Santa Clara Valley Water District had several treatment options to drive down organic levels in its water. One option was to increase the application of powdered activated carbon (PAC). PAC was used by Santa Clara historically only for taste and odor issues—not for lowering DBPs. But in February 2014, it was not clear if Santa Clara would be able to use this approach to improve the water prior to its arrival in the San Jose Water system, or how much of effect it would have.
“PAC is not an economical solution to address total organic carbon,” Feffer said. “If it’s all you have onhand, it’s something, but it’s very expensive.”
In-Tank Aeration Approach
The part of the San Jose Water system that caused the greatest concern was the western portion.

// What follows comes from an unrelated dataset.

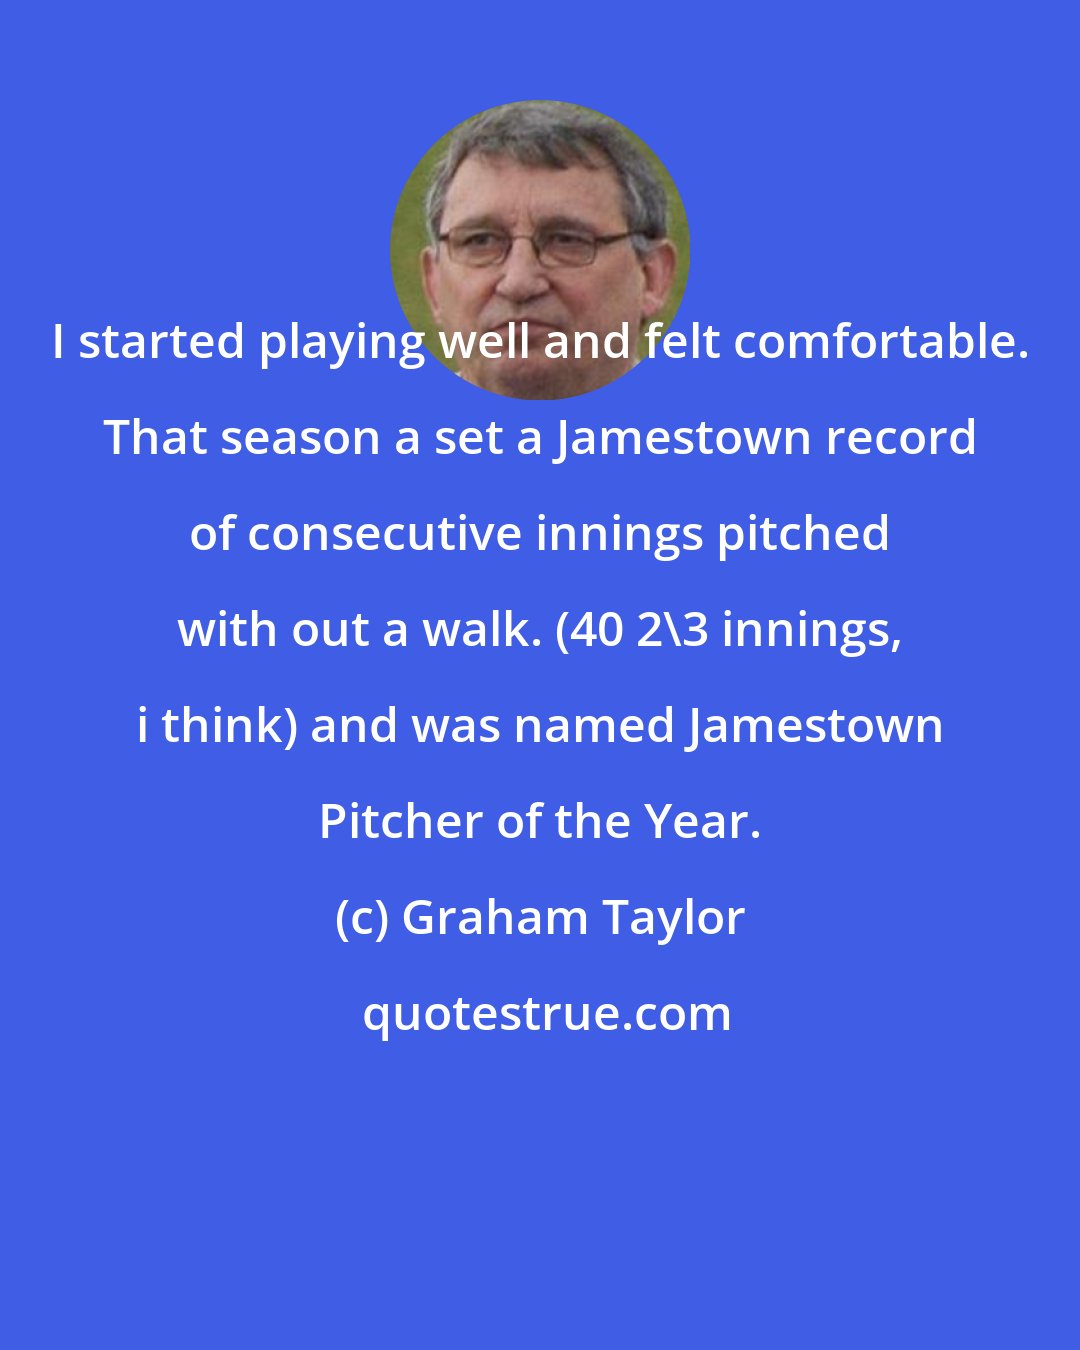 Graham Taylor: I started playing well and felt comfortable. That season a set a Jamestown record of consecutive innings pitched with out a walk. (40 2\3 innings, i think) and was named Jamestown Pitcher of the Year.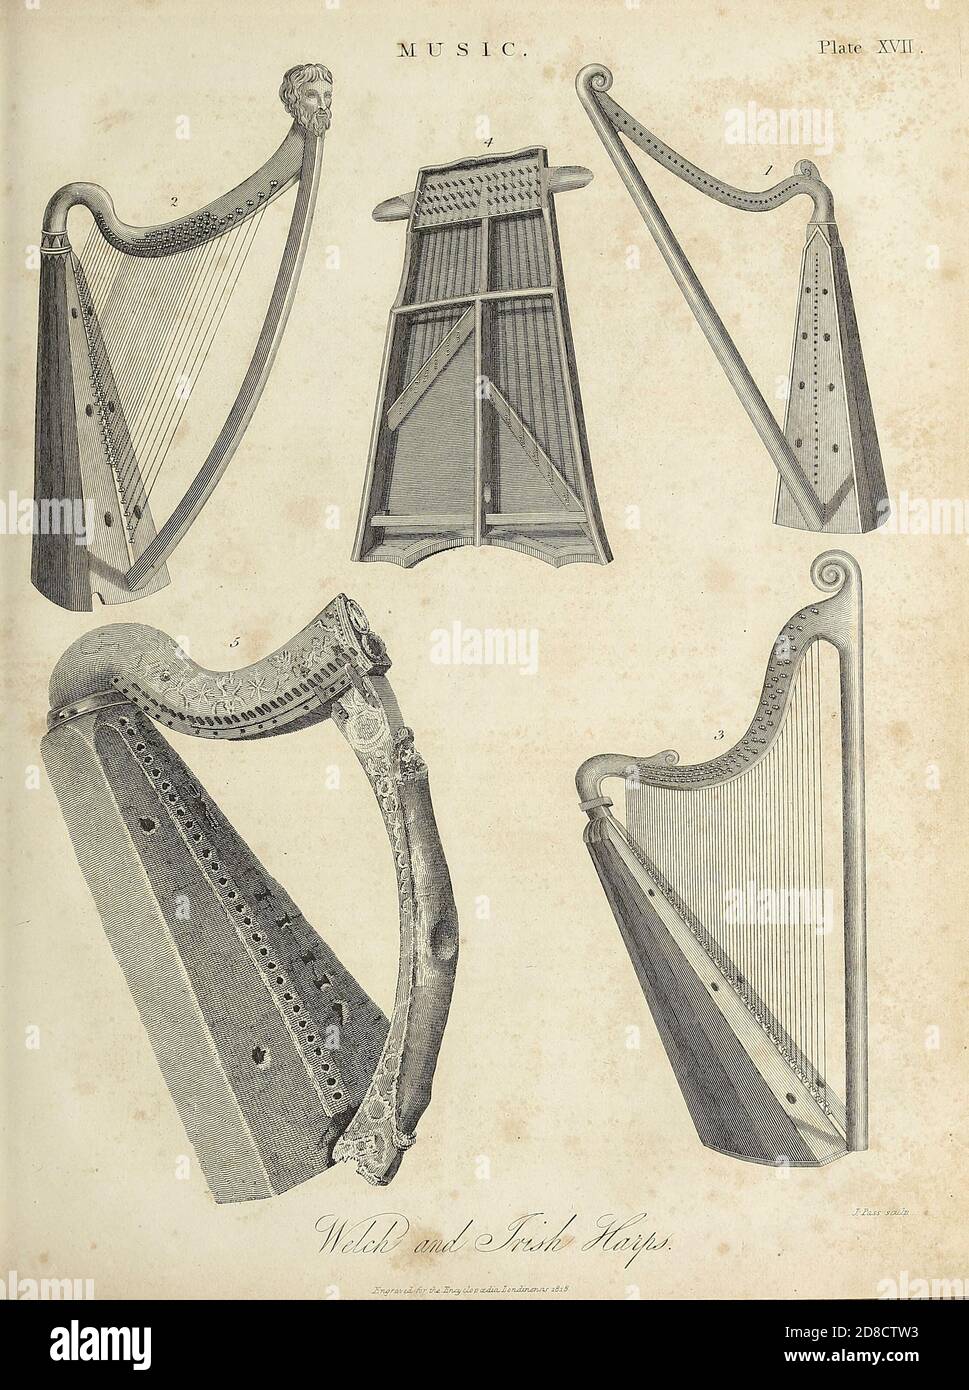 Welsh and Irish Harps Copperplate engraving From the Encyclopaedia Londinensis or, Universal dictionary of arts, sciences, and literature; Volume XVI;  Edited by Wilkes, John. Published in London in 1819 Stock Photo

Water for this part of the system is treated by Santa Clara Valley Water’s Rinconada Treatment Plant. It then enters the San Jose system at the 12-million-gal More Avenue reservoir. Five DBP sample locations downstream of the More Avenue reservoir showed significant elevations in trihalomethane (THM) levels. While the water system remained in compliance, managers at San Jose Water wanted to eliminate the risk of a future operational exceedance in the summer of 2014—when THM levels were expected to be highest. With no guarantee that Santa Clara’s application of PAC would be sufficient to eliminate the problem, San Jose Water had to act on its own, and act fast.

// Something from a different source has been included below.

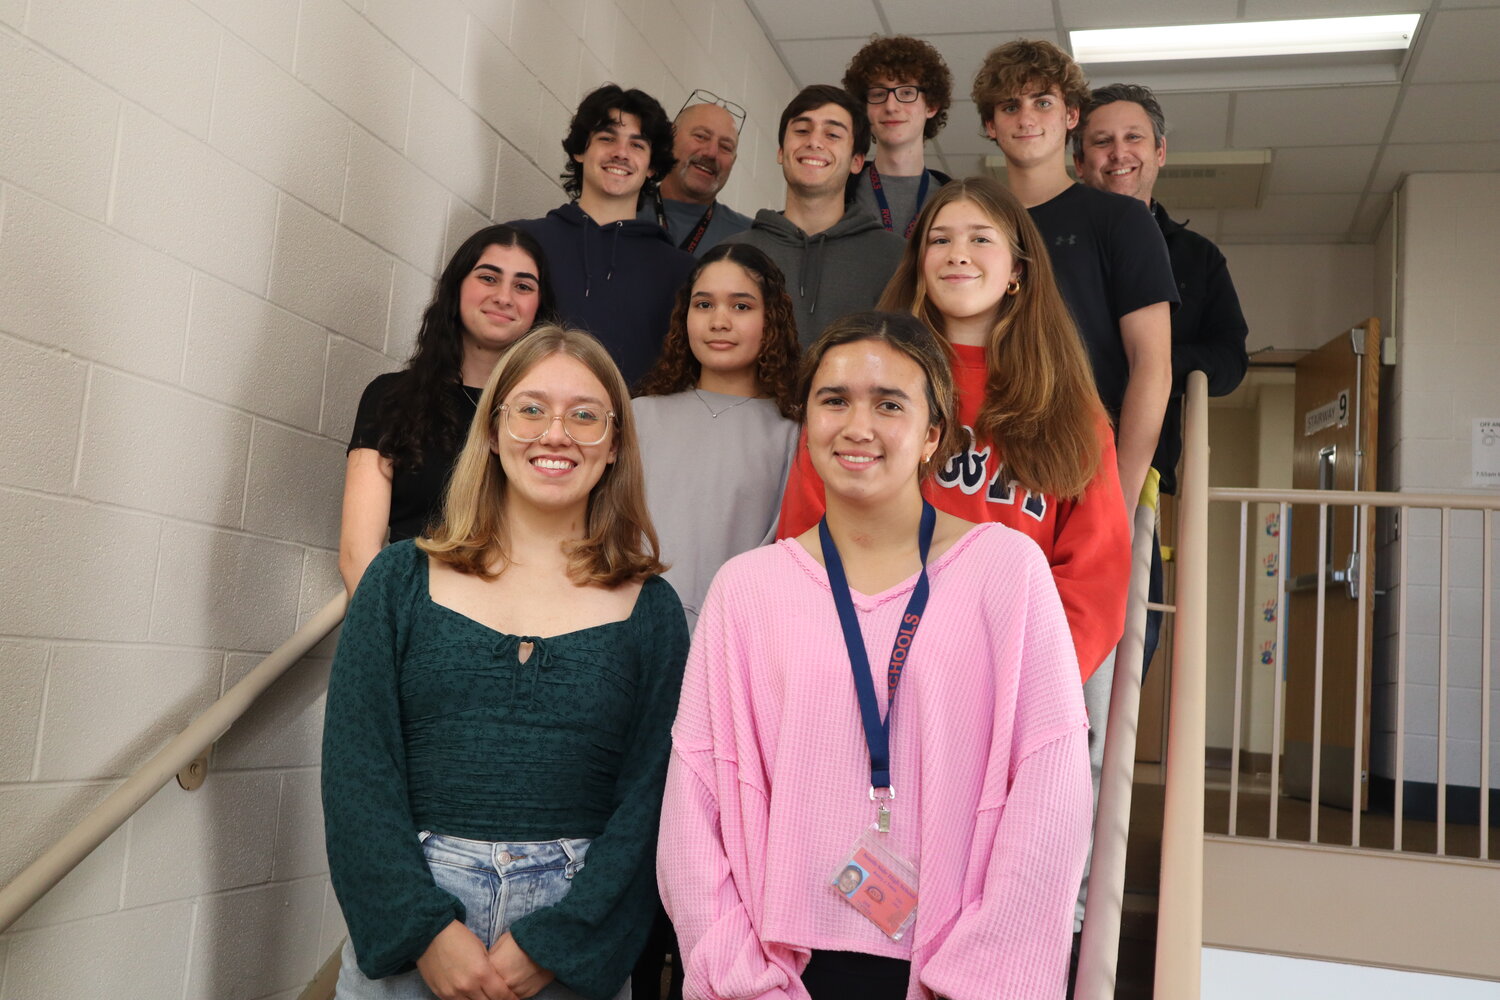 South Side seniors are preparing to compete on a national level. Front row, Natalia Skrodski, left, Avery Testa; second row, Sophia Bracco, left, Allison Paulino and Bianca Oronato; third row, Noah Feigenbaum, left, Sergio Rosa, Dominic Rosiello; and back row: Research coordinator Herb Weiss, left, Francis Hassin, and science teacher Todd Russo.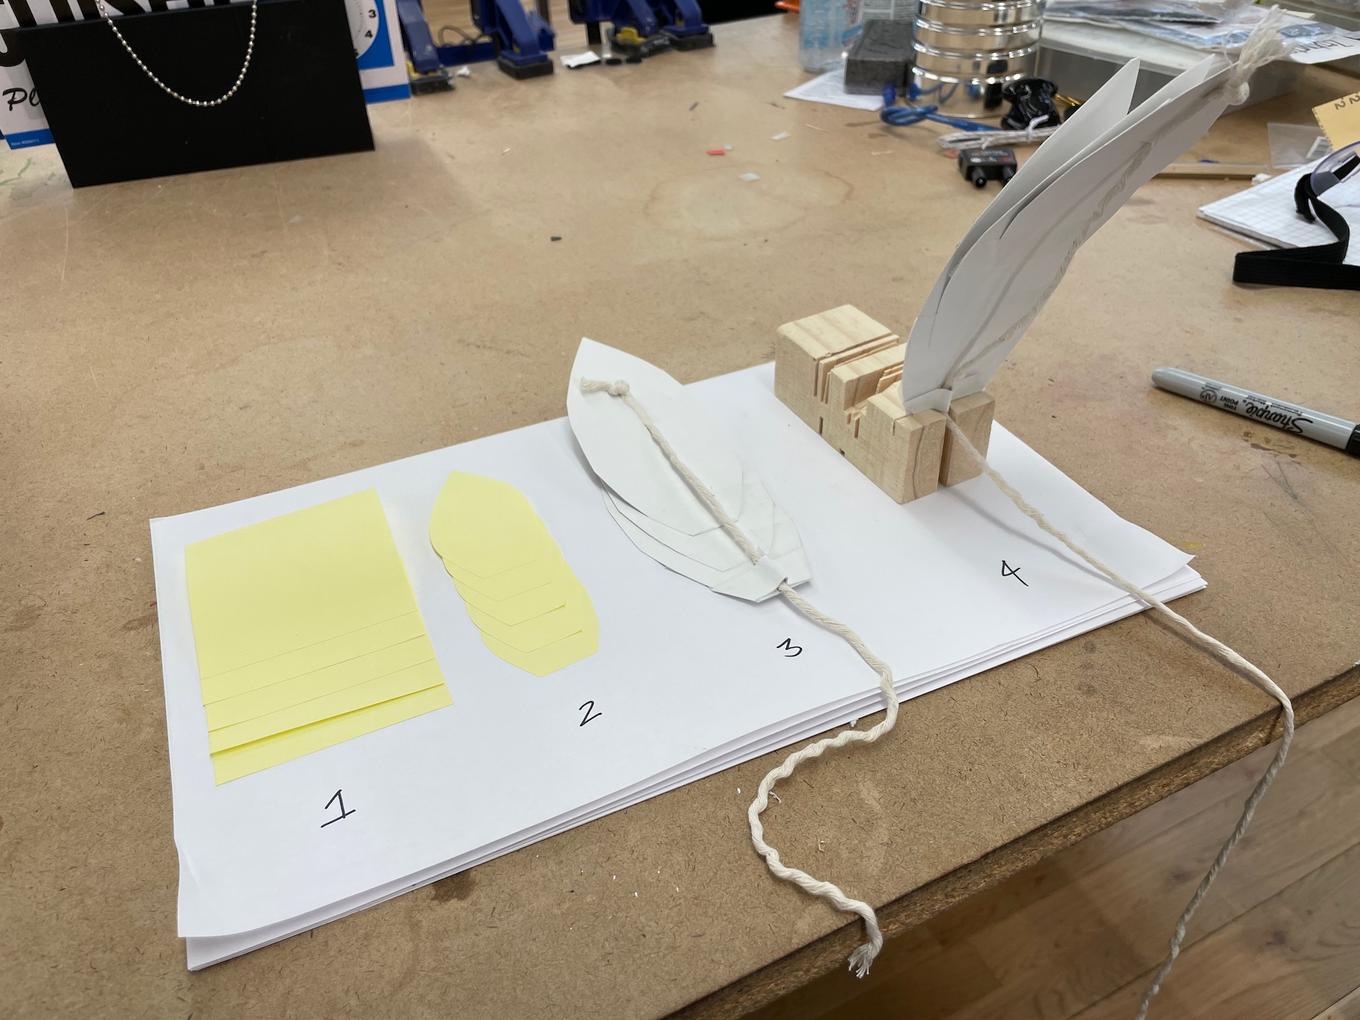 Layered paper for motion tests

“I had recently attended a webinar on the subject of in-tank aeration as a means of reducing THM levels in finished drinking water and it seemed like a promising approach to try,” Feffer said. “In-tank aeration utilizes conventional water aeration technology in a new way. Instead of transferring oxygen into water, aeration is used to strip THMs out of the water after they form. The advantage of this approach is that aeration can be applied in selective parts of a water distribution system—lowering THM levels where the need is greatest.”

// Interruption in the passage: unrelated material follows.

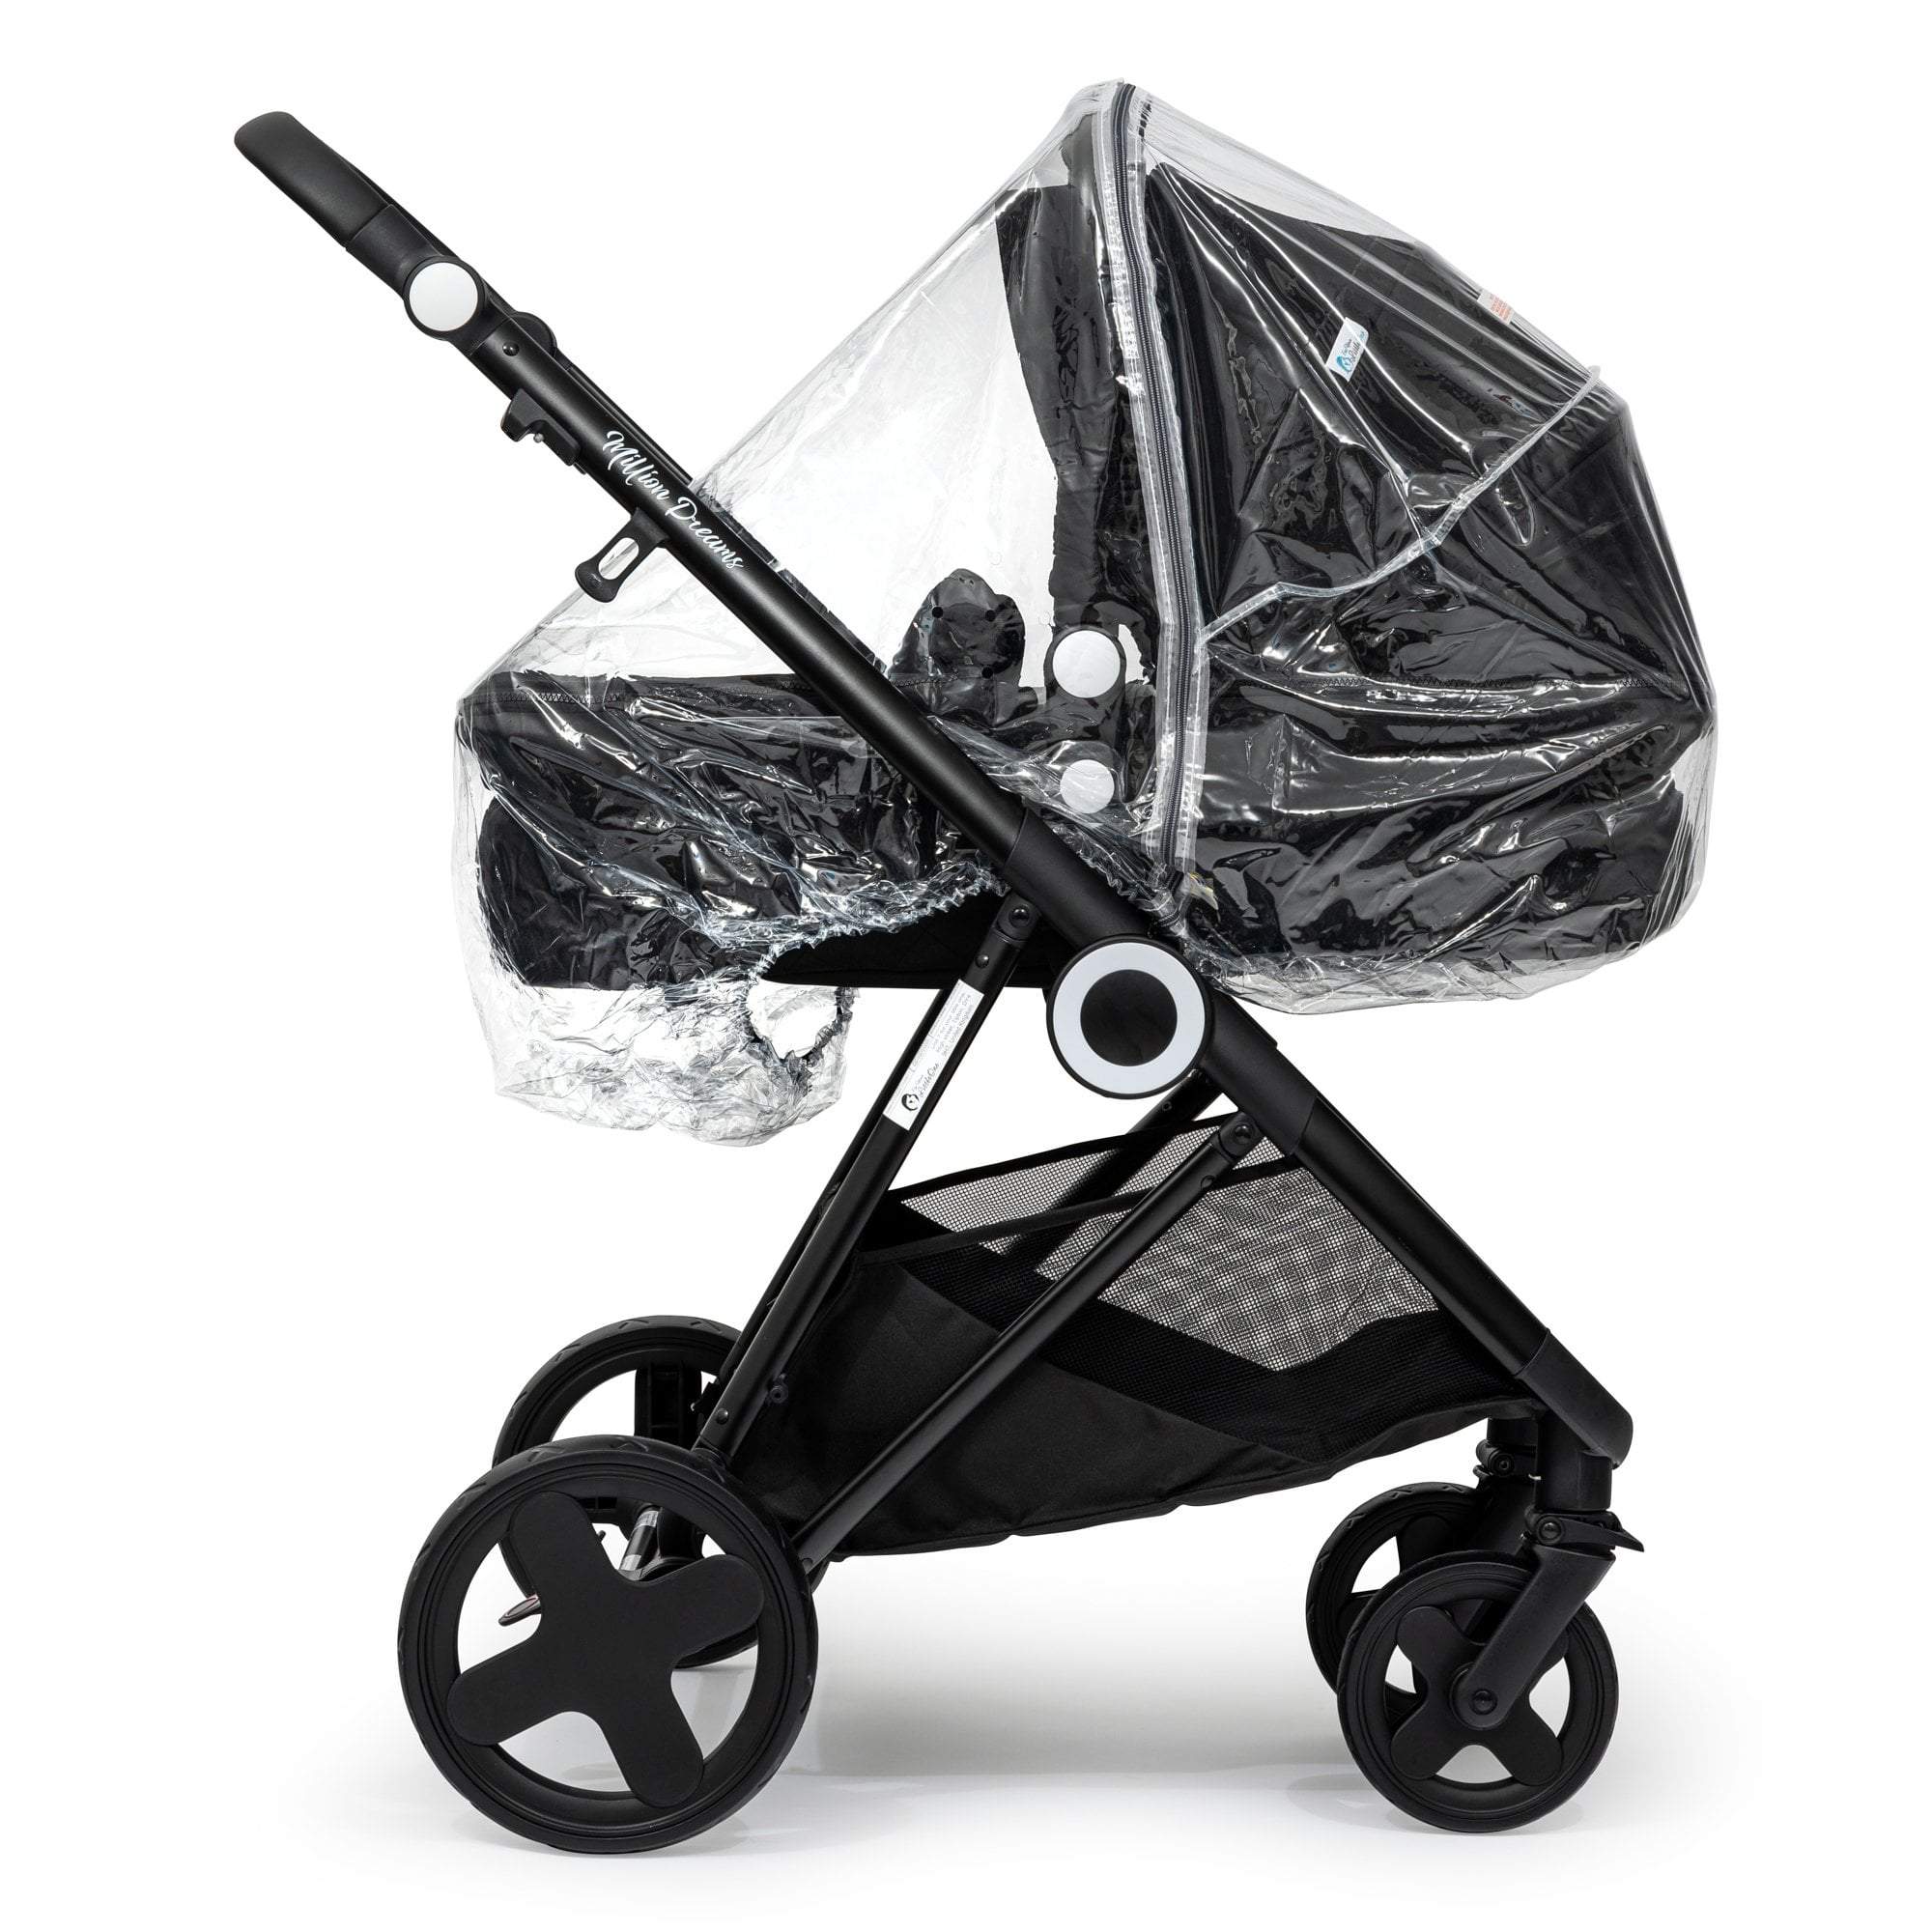 Carrycot Raincover Compatible With Baby Jogger - Fits All Models - For Your Little One

PAX Water Technologies began the design phase of the project immediately. The aeration system would consist of seven novel surface aerators, modified to improve their efficiency at removing THMs. The system also would use two mixers to efficiently deliver water into the process zone created by each aerator to maximize removal of THMs. Finally, the system utilized a custom-designed air-handling unit (AHU) to exhaust THMs out of the headspace.
“We did not get the green light to begin construction until April,” said Rich Ducote, project lead with Utility Service Group, a partner of PAX Water Technologies. “We faced a number of challenges, including the placement of the AHU and the fact that residents lived right on the other side of the fence. Our system had to be energy-efficient, easy to maintain and quiet.”
During the installation phase of the project, water quality managers at San Jose realized that an additional resource that could help them manage THMs was right next door. Aqua Metrology, in neighboring Sunnyvale, Calif., had developed an online THM analyzer that could rapidly and reliably measure THM levels at the More Avenue reservoir. The system uses a colorimetric method based on Fujiwara reactions and a fully automated sample collection and analysis system to provide THM data every four hours. The system was added to the project and housed in a custom enclosure next to the tank.
The aeration system installation was completed in mid-August. During its first phase of operation, THM reduction was significant.
“We are seeing THM levels that are 40% to 70% lower [when the water leaves] More Avenue than [when it comes] in,” Feffer said. Total removal rates may be higher because some THMs also form in the water while it is in the More Avenue reservoir.
While San Jose Water was fully prepared to face a major increase in THM levels in the summer, it had lots of help. Santa Clara Valley Water aggressively pursued the use of PAC to lower TOC, and it also made some changes to system operations to reduce residence time in the treatment process—all in an effort to reduce DBPs and give its retailers more time to address DBPs in their systems.
“We are very happy so far,” Feffer said. “We are seeing excellent results from the system, and noise has not been a problem. It’s impressive how fast this project went.”